# Things I've learned from Opera



## Almaviva (Aug 13, 2010)

We've all seen this kind of thread in film sites. I thought it would be fun to post the one-liners we've learned from opera, so, I'll start, and I invite people to add to it.

Getting stabbed is very good for your voice.


----------



## Aksel (Dec 3, 2010)

Stealing jewelery from girls is sure to bring about the end of the world.


----------



## Sieglinde (Oct 25, 2009)

Read Pratchett's Maskerade. Just read. 

- If you're the Big Bad, make sure you keep a whiney buffo tenor as a pet. Terrorise it.
- If you're a tenor, and a suspicious guy who looks like Spock offers you wealth, success and lots of wenches, RUN! (Bonus point if he's Samuel Ramey.)
- If you're an ill-fated heroine, keep a confidante whom you can sing about the tenor and who can warn you. Never listen to her.
- Any feminist virgin can be convinced sex is good with a long "who can yell stronger and higher" type duet.
- If you're mad, go for coloraturas if you're female, and for dramatic Sprachgesang if you're male. 
- If you're having a forbidden date and your crush's father/brother/guardian is coming, make sure to sing "addio" about ten times. Otherwise you'd never be caught.
- A Zorro-sized mask or a see-through veil is the perfect disguise. Not even your husband or ex will recognize you.
-If a girl is playing a boy, dress her/him as a girl AGAIN. Repeat a few times if necessary.
- The best moment for a long aria is when you have to run and save your mom or sweetheart. There's always time for a high C!
- Big Bads: wear black. Carry around a phallic weapon or stick. Go for the soprano or the treasure.
- If you want to eliminate someone, don't just go, say hello and stab him. Build a complicated plot of lies which includes a lot of singing and will have half of the cast, including yourself, dead.
- For Big Bads, ALWAYS have an aria about how you hate the Hero and enjoy your evilness. Check if there's a lot of brasses in the orchestra. If not, beat your composer.
- Incest is ok as long as you sing.
- You CAN die of deadly flower scent. No, really! You can!


----------



## Almaviva (Aug 13, 2010)

:lol: Excellent, Sieglinde!


----------



## jhar26 (Jul 6, 2008)

Even if you look like Mr.Bean you can get a girl that looks like miss world.


----------



## jhar26 (Jul 6, 2008)

Most students in Puccini's time were 55 years old.


----------



## sospiro (Apr 3, 2010)

jhar26 said:


> Even if you look like Mr.Bean you can get a girl that looks like miss world.


:lol:

Now I wonder who that would be?


----------



## jhar26 (Jul 6, 2008)

sospiro said:


> :lol:
> 
> Now I wonder who that would be?


:tiphat:


----------



## Sieglinde (Oct 25, 2009)

Lol, now I know whom Villazon reminds me!

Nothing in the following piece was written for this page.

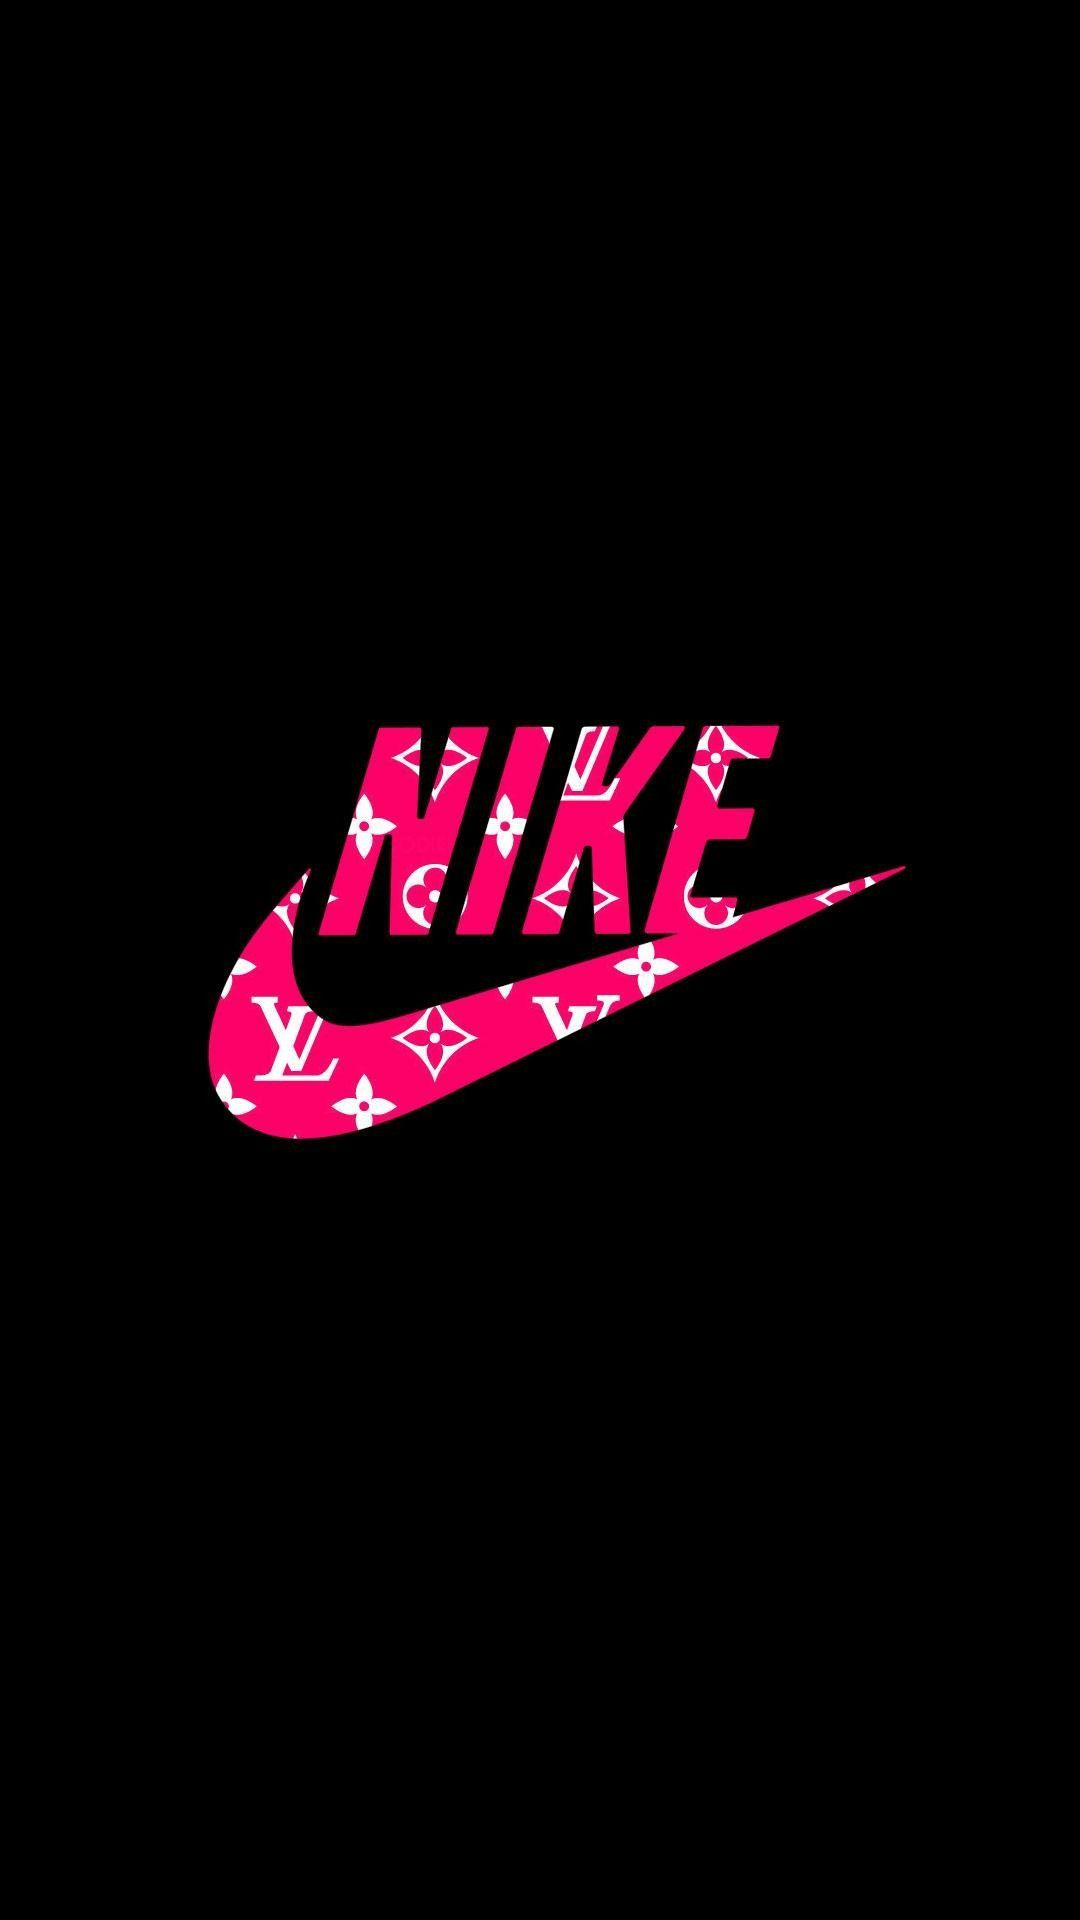 Để trắng trộn làm gì khi bạn có thể chọn cho mình một hình nền Nike màu hồng xinh xắn? Đặc biệt là, với thiết kế đẹp mắt và ấn tượng, hình nền Nike hồng chính là điểm nhấn hoàn toàn mới cho chiếc điện thoại của bạn.

But Mr. Bean is at least funny.


- Divinations and curses ALWAYS come true.
- Most baritones will sooner or later utter the words "Be mine or the tenor will DIE!" Evil Laugh is optional.
- When a character stabs himself and the chorus is there, they say "Giusto ciel" or "O dei" or any variation of these and do nothing to stop him. They know he'll sing for another ten minutes, stand up twice for high Cs and dramatically fall just before the curtain does.
- Verismo = Husband Is Cuckolded. Stabbing Will Happen. 
- You shall not ask about your new husband's past, or bad things will happen.
- The real reason operatic father figures tend to sacrifice their sons / son types is to have nice, angsty arias about it.
- Likewise, once a tyrannic jerk admits sleeping problems the audience will go "d'awwwww" and want to hug him.


----------



## Aksel (Dec 3, 2010)

Those are hilarious, Sieglinde! :lol:

If a baritone says he is a prince, don't believe him and go straight for his tenor valet.


----------



## Aksel (Dec 3, 2010)

Also, you totally get to sleep with your sister if you pull a sword out of a tree.


----------



## mamascarlatti (Sep 23, 2009)

To paraphrase Anna Russell, if you meet a woman who isn't your aunt, don't fall in love with her. You'll end up with a spear in your back.


----------



## HarpsichordConcerto (Jan 1, 2010)

It is perfectly alright to contemplate one's life by standing next to one's favourite tree/vegetable.


----------



## Aksel (Dec 3, 2010)

If someone demands your local Elizabeth Arden employee, just kill them right away. It'll save you a lot of trouble in the future.

Yay for Anna Russel references!


----------



## Sieglinde (Oct 25, 2009)

Anna Russell rocks. 

If the chorus chases your crush with torches and pitchforks, sing about your favourite hobby back when you were young. It's absolutely the best time. Make it LONG. 

If the mezzo-soprano pleads screaming to STOP and LISTEN before killing the tenor, don't be like "eh, I just kill the tenor first, k?" 

When you're dying of dehydration in a desert, you STILL manage to sing a long aria.

You're a bass king/tzar/emperor and the whiney character tenor is your counsellor? Fire him. NOW.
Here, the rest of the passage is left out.